The “Res non-Dom” tax regime applies irrespective of the foreign country of origin of the income and regardless of its taxation in the source country.
Therefore, dividends and capital gains coming from a foreign country considered as a “tax haven” for income tax purposes are to be included among the foreign income to which the substitute tax applies (i.e. they are excluded from the ordinary tax regime).
3. Tax residency of foreign entities managed by “Res non-Dom” taxpayers.
The tax residency of foreign entities managed only by individuals who have opted for the “Res non-Dom” tax regime should not be challenged by the Italian Tax Authorities. The special status of “Res non-Dom” taxpayer is irrelevant for the purposes of attractingItalian tax residency of a foreign entity, according to Art. 73 of the Italian Tax Code, where the challenge is grounded only on the existing relationship between those taxpayers and the foreign (managed) entity.
4. Income derived through “conduit” entities.
Italian “Res non-Dom” taxpayers holding nonItalian entities qualified as pass-through (fictitious) vehicles should treat the underlying income as if they were directly held.
In particular, any income derived from the assets held by companies qualified as “conduit” vehicles – according to art. 37, paragraph 3, Presidential Decree 600/73 – should be treated by the “Res non-Dom” taxpayers as follows:
(i) if the income was Italian sourced, it would be taxed according to the Italian tax rules;
(ii) if the income was non-Italian sourced, it would be subject to the substitute tax (i.e. they are excluded from the ordinary tax regime).

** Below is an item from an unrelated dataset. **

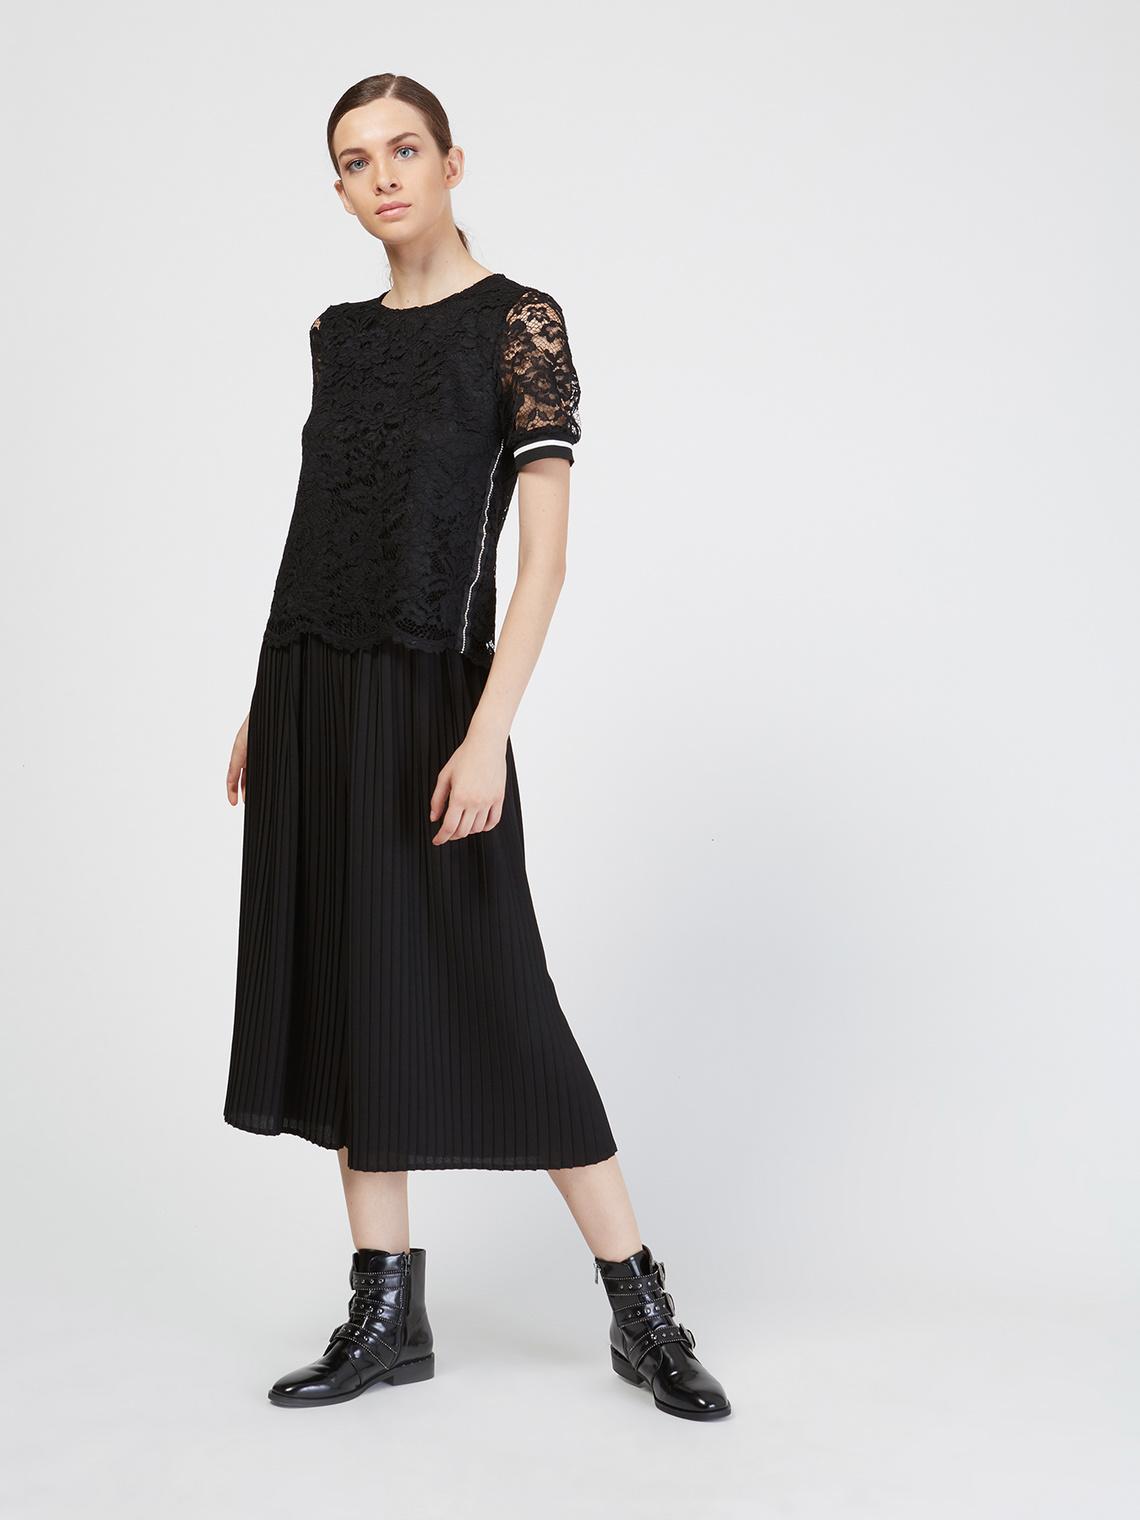 Motivi Pantaloni coulotte plissé - Taglia 40 Nero ALTRI MATERIALI

5. Restricted Stock Unit incentive plan and employment income.
In the context of a “Restricted Stock Unit incentive plan”, the employment income deriving from the granting of stocks that occurred when a “Res non-Dom” became an employee of an Italian entity – part of the same group which includes the foreign entity that formerly employed the individual – may be subject to the substitute tax for the quota ascribable (on a pro rata basis) to the period during which the work is performed abroad.
6. Eligibility for the Double Tax Treaty.
In the Italian Revenue Agency’s view a “Res non-Dom” qualifies as Italian tax resident for the purposes of the Double Tax Treaty, unless the single treaty provides otherwise.
7. Inheritance and gift taxes.
Being confirmed that during the time period of validity of the “Res non-Dom” tax regime inheritance and gift taxes solely apply to assets located in Italy, in relation to the assets located abroad it has been expressly specified that such exemption also applies to any act of liberality, including a contribution of assets in a trust.